I’m a sucker for the underdog. The runt of the litter, the last to get picked for the team at recess, the quiet kid who never gets called on in class – they are the ones that grab me and sometimes never let me go.

Among biblical Patriarchs, Isaac seems to be the underdog. His role seems more that of a placeholder than an independent actor. He’s the son born to very elderly parents as a demonstration of God’s faithfulness to the promise made to Abraham. Isaac is a promise kept, despite nature and its usual limits. Isaac the promised son is named “He Will Laugh” for the laughter of delight and incredulity, the radical amazement his parents experienced at the news of his coming birth. Oddly, Isaac himself is never seen laughing.

Simple and traditional readings of the texts make it easy to think of Isaac as an object, or at most a supporting actor in other people’s dramas. At the most dramatic moment of his own life, when the grown man Isaac presents his neck to the knife poised to make him a sacrifice, the narrative spotlight is on… his father. Although the event is called the binding of Isaac – note that Isaac is the object, not the subject of that phrase – it is generally viewed as the supreme challenge of Abraham’s life; it is a test of Abraham’s faith.

Without diminishing the extraordinary challenge Abraham faced in that episode, think about this: A 37 year old man’s willingness to lie down and be murdered for his God is defined and heralded through the ages as his father’s act of supreme faith.

Poor Isaac. His larger than life father had lived an epic life: Abraham traveled, dealt with, and when necessary, fought wars against kings. He debated God directly on behalf of justice, and when he lost that debate, went on to rescue his extended family from catastrophic destruction. Papa Abraham was a renowned hero in his time, and ever since. During his storied lifetime, Isaac’s father, who began as Abram, developed and grew through his many challenges, finally outgrowing the limits of his very name. He would be called Abraham, the father of many nations.

Skipping a generation, Isaac’s son Jacob became a hero in the model of his grandfather. He was active and engaged in the world. Despite a great deal of emotional challenge and ambivalence, Jacob, like Abraham, left his parents’ home to have adventures that required physical strength and mental cunning. A romantic hero, Jacob fell in love at first sight, and stayed to prosper and raise a large family. In the process, and through intense struggle with a mysterious adversary, Jacob emerged physically diminished but developmentally and spiritually enlarged. Jacob became Israel, the father of the tribes of the future Israel nation.

Where did that leave Isaac? Quiet Isaac was the man in the middle. His apparent passivity doesn’t resonate with many of today’s readers, who admire feats of derring-do in their heroes, whether holy or profane. At best, Isaac seems enigmatic, at worst, passive, even apathetic.

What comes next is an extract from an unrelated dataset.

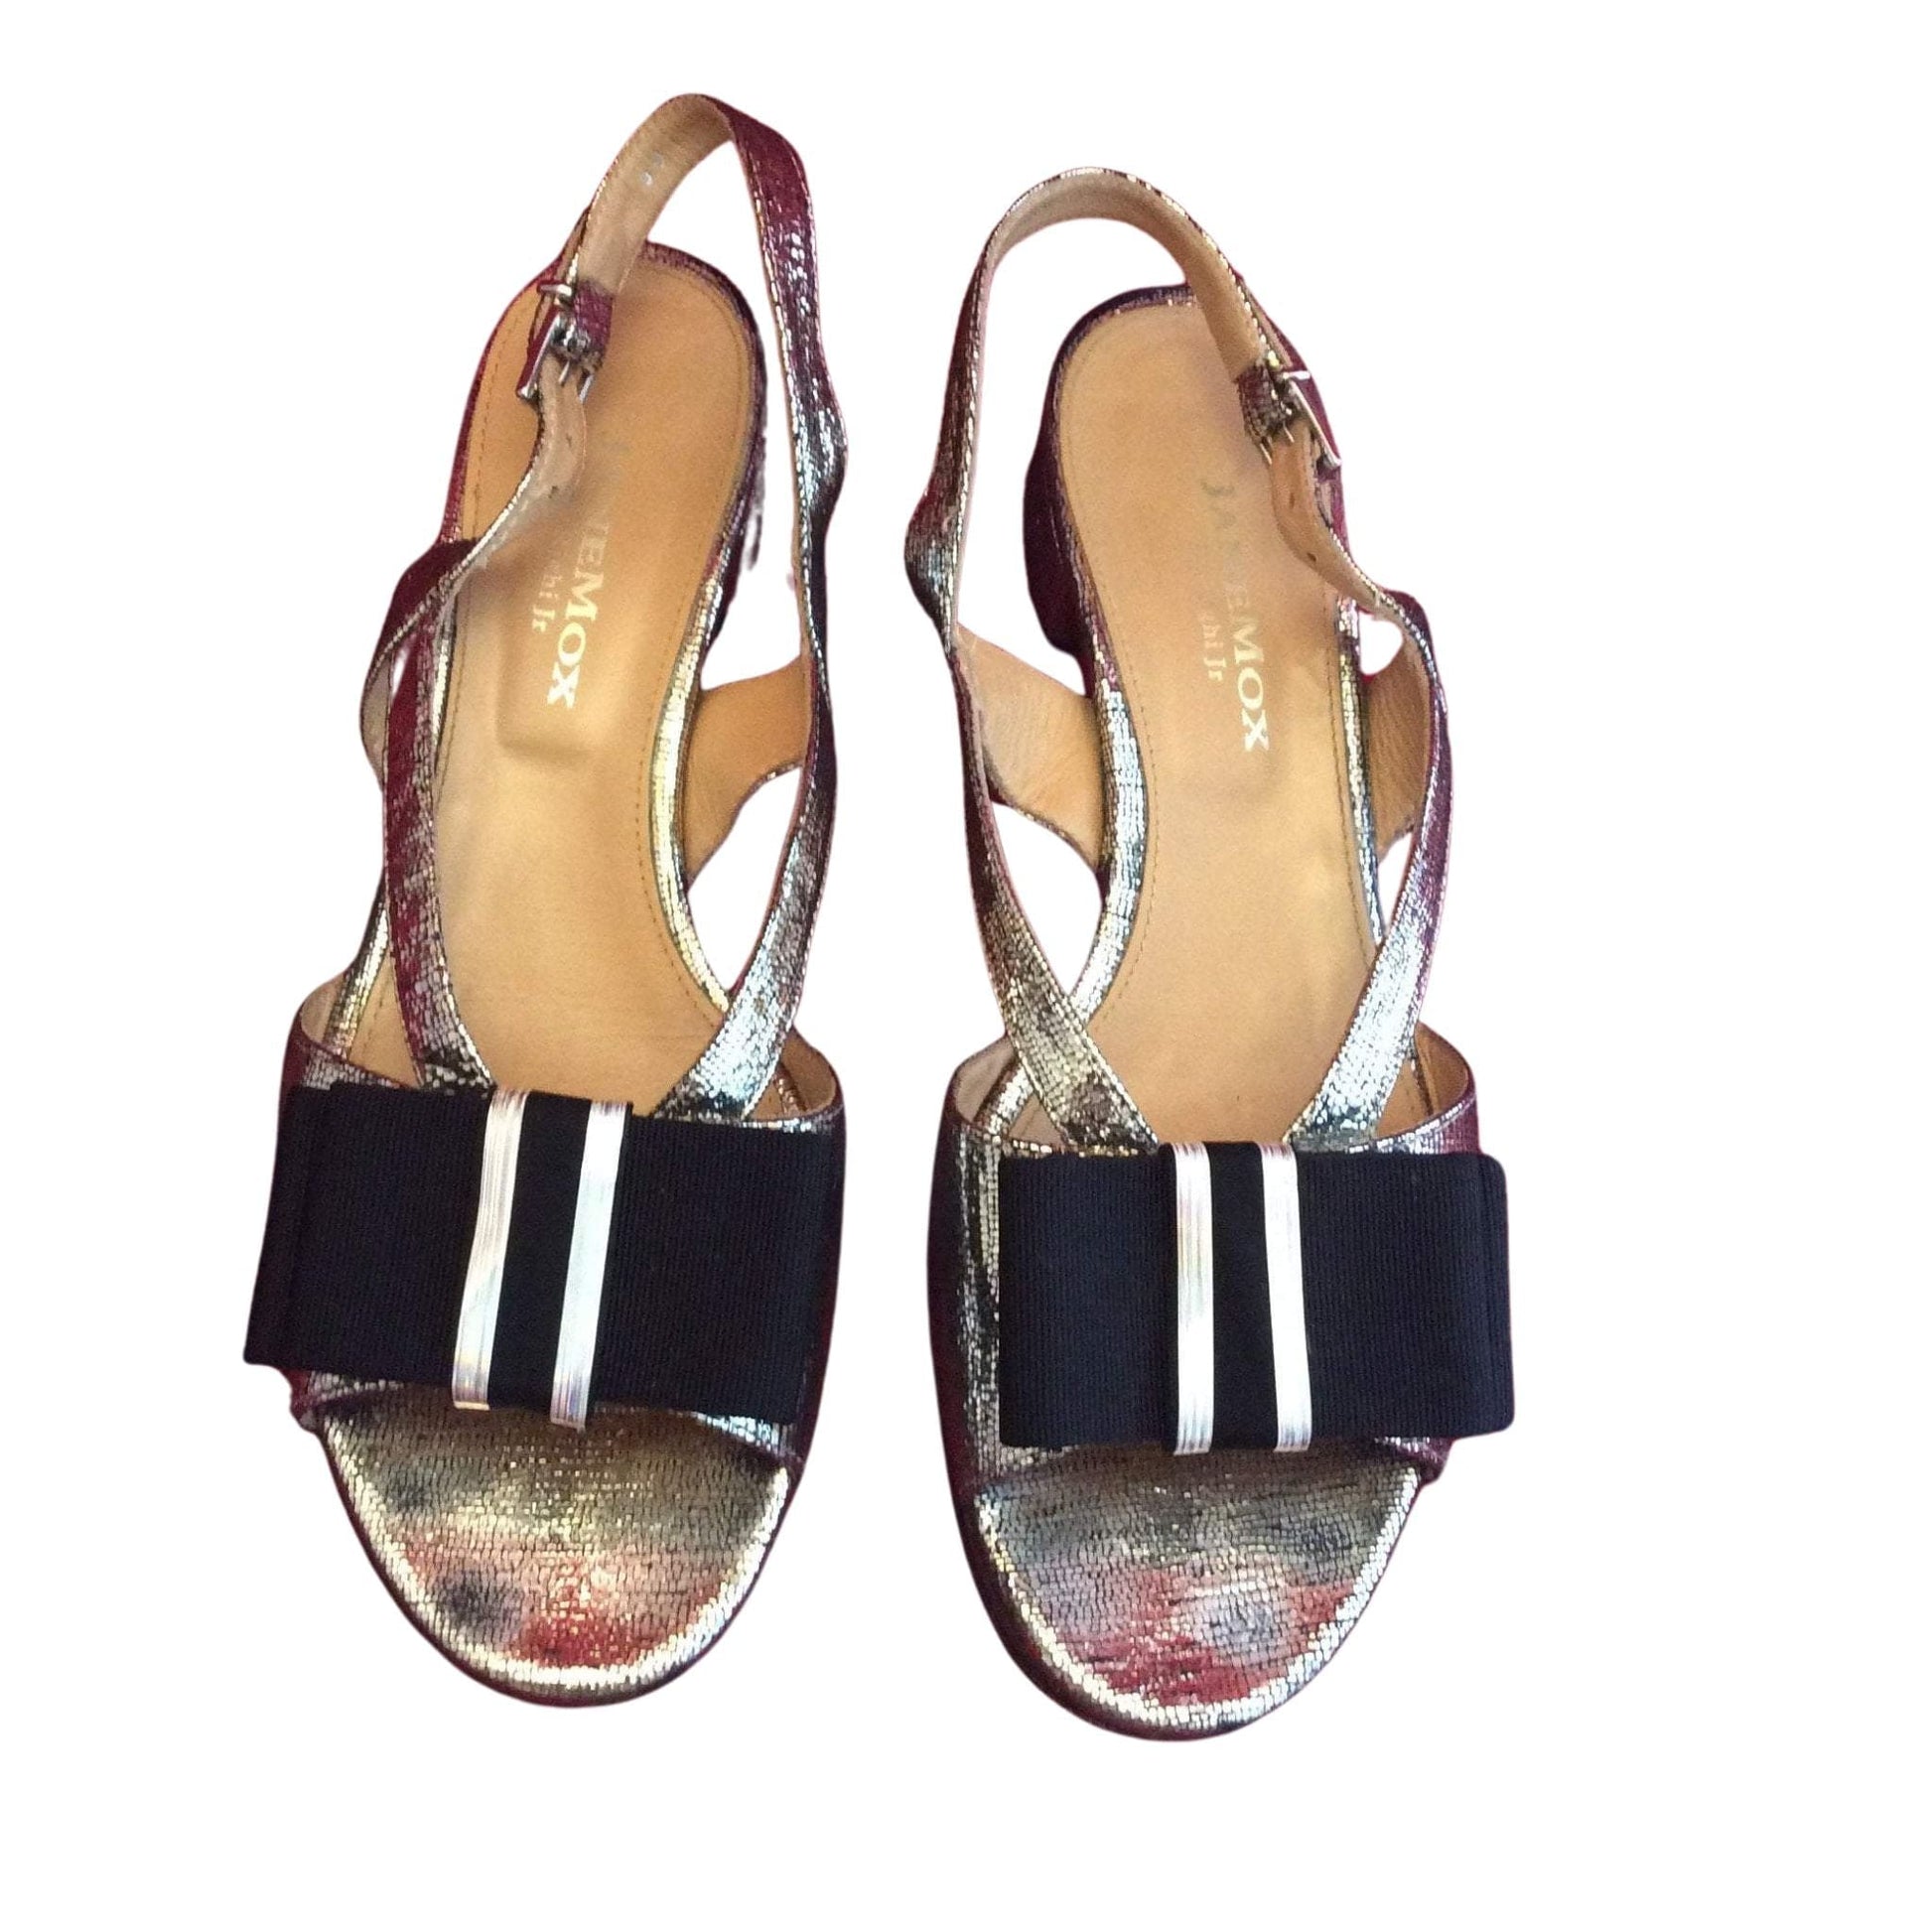 Jane Mox by Righi Sandals 8.5 / Silver / Vintage 1990s

But I believe there is much more to Isaac. But it is not easily visible from the outside

The First Contemplative

Isaac’s quietude was striking. Awaiting the arrival of his bride, he meditated in the fields. We can imagine Isaac deep in a walking meditation – he is alone, day has begun to gather, and with it a subtle change of light and the sounds of nature.

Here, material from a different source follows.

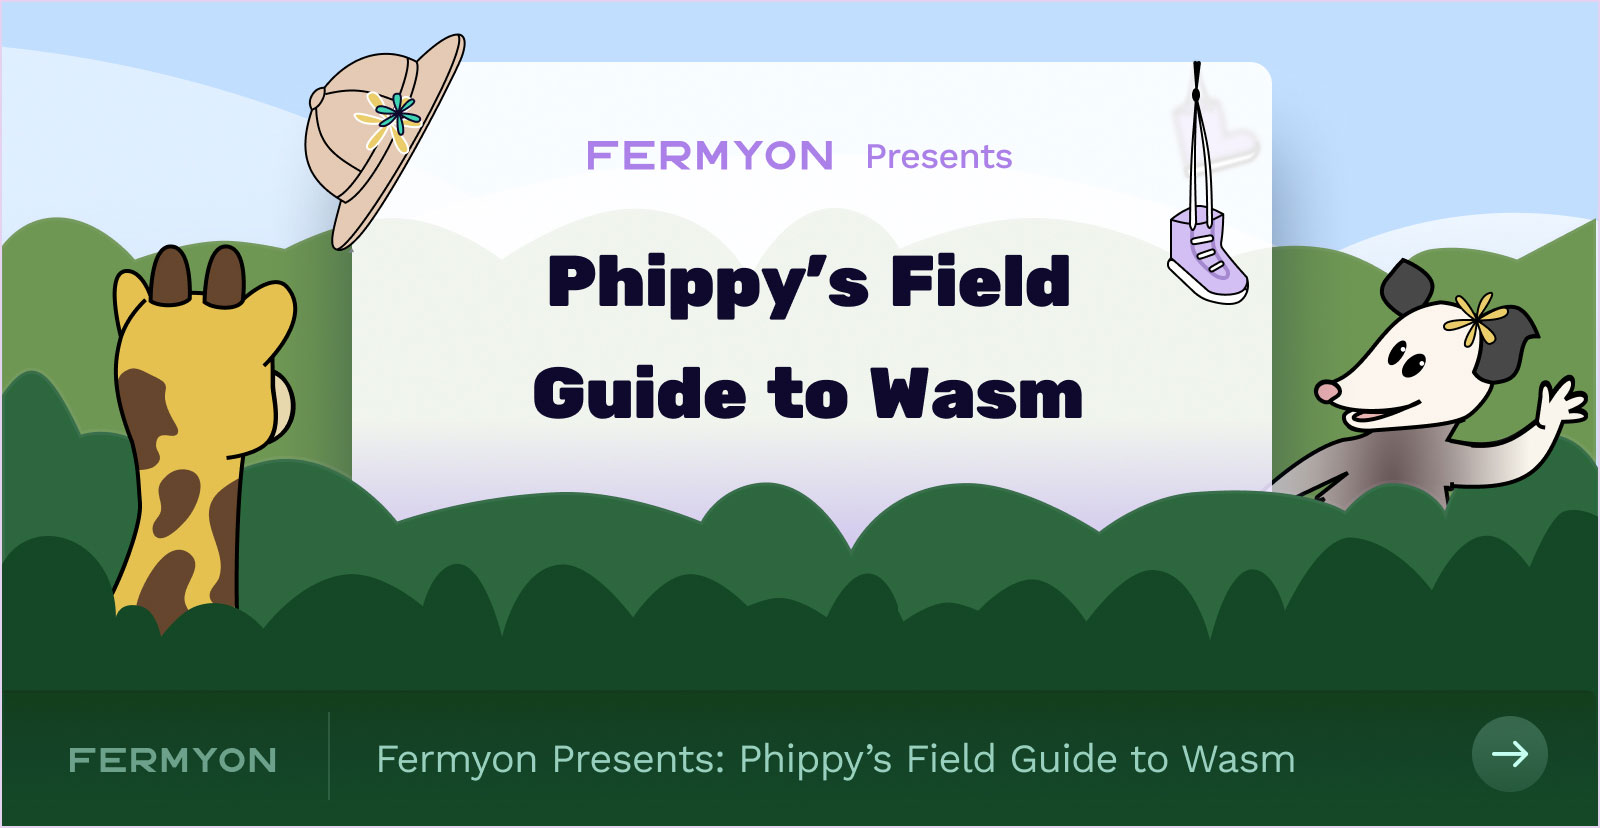 Fermyon Presents: Phippy’s Field Guide to Wasm

Most of us have heard about the health benefits of meditation, and it turns out that Isaac is the longest-lived biblical patriarch.

Those who practice secular contemplation in nature (see, for example David Haskell, The Forest Unseen) report that all their senses open up to the environment: they smell the earth and discern its health. They hear the sounds of animals, birds and even insects and trees. They come to know the place intimately. At times they lose themselves in the harmony of place. Contemplation in nature leads to a deep understanding of the interconnectedness of the web of all life, including human life.

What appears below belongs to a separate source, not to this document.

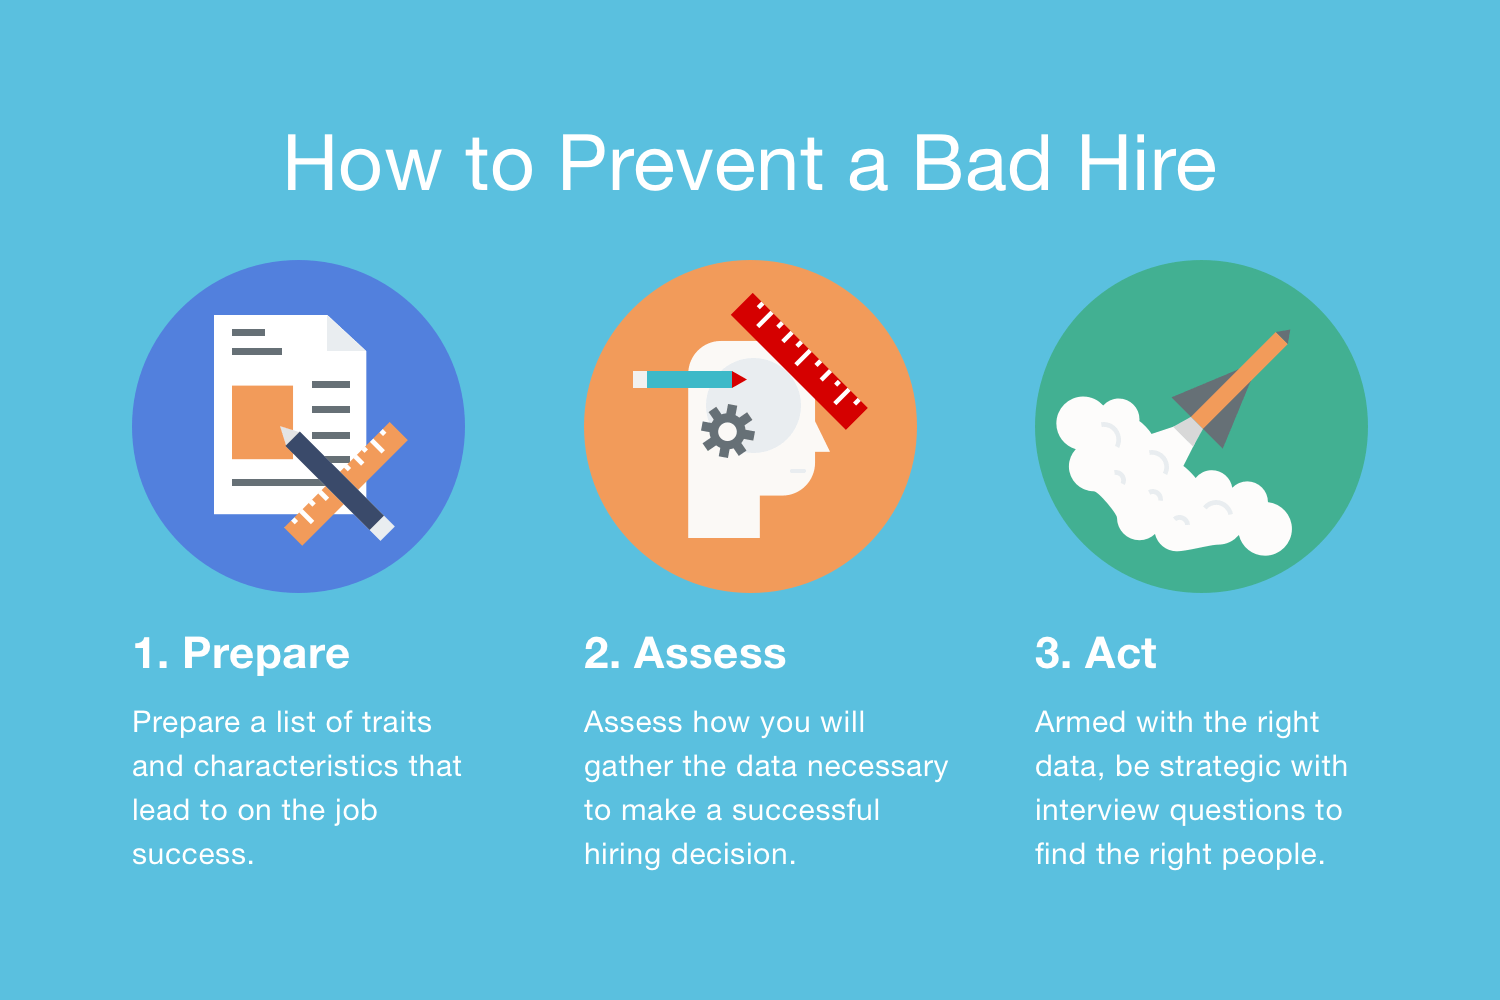 How to Prevent a Bad Hire: Prepare, Assess, Act

Contemplation is somewhere between thinking and meditation. It is wide vision, deep enlightenment. Contemplation is where rationalism and mysticism merge. Could Isaac have been the first contemplative?

Isaac was ideally suited for a life of contemplation. His materially and spiritually rich parents were able to give him the time, space, security as well as the faith with which to develop his own spiritual inclinations. Isaac lived in the desert, an environment preferred by later contemplatives of other faiths. Isaac never left the land that would become Israel, and was the only patriarch who cultivated the land. And then there is that matter of the names. Unlike his father and his son, whose personal development through action was reflected in their name changes, Isaac began and remained Isaac. He Will Laugh.

As he grew, Isaac became more deeply himself. He cultivated what is. He cultivated his internal life in the eternal present. The practice produced some practical advantages, as well. Later on in his business life, Isaac’s equanimity enabled him to walk away from conflict with those who cheated him without losing the blessings of prosperity.

Contemplative practice requires the skill of receptivity. It is practiced with stillness, with patience, with compassionate acceptance of all that is. Years of such practice reduce the ego and its sense of separateness. Contemplation enlarges and connects one to all of nature, and beyond. It alters the sense of time passing, replacing it with a refined taste of the present moment. The experience goes beyond words, and is therefore hard to describe. Nevertheless, mystics and others who meditate, regardless of tradition agree: Joy is the result. That’s Isaac.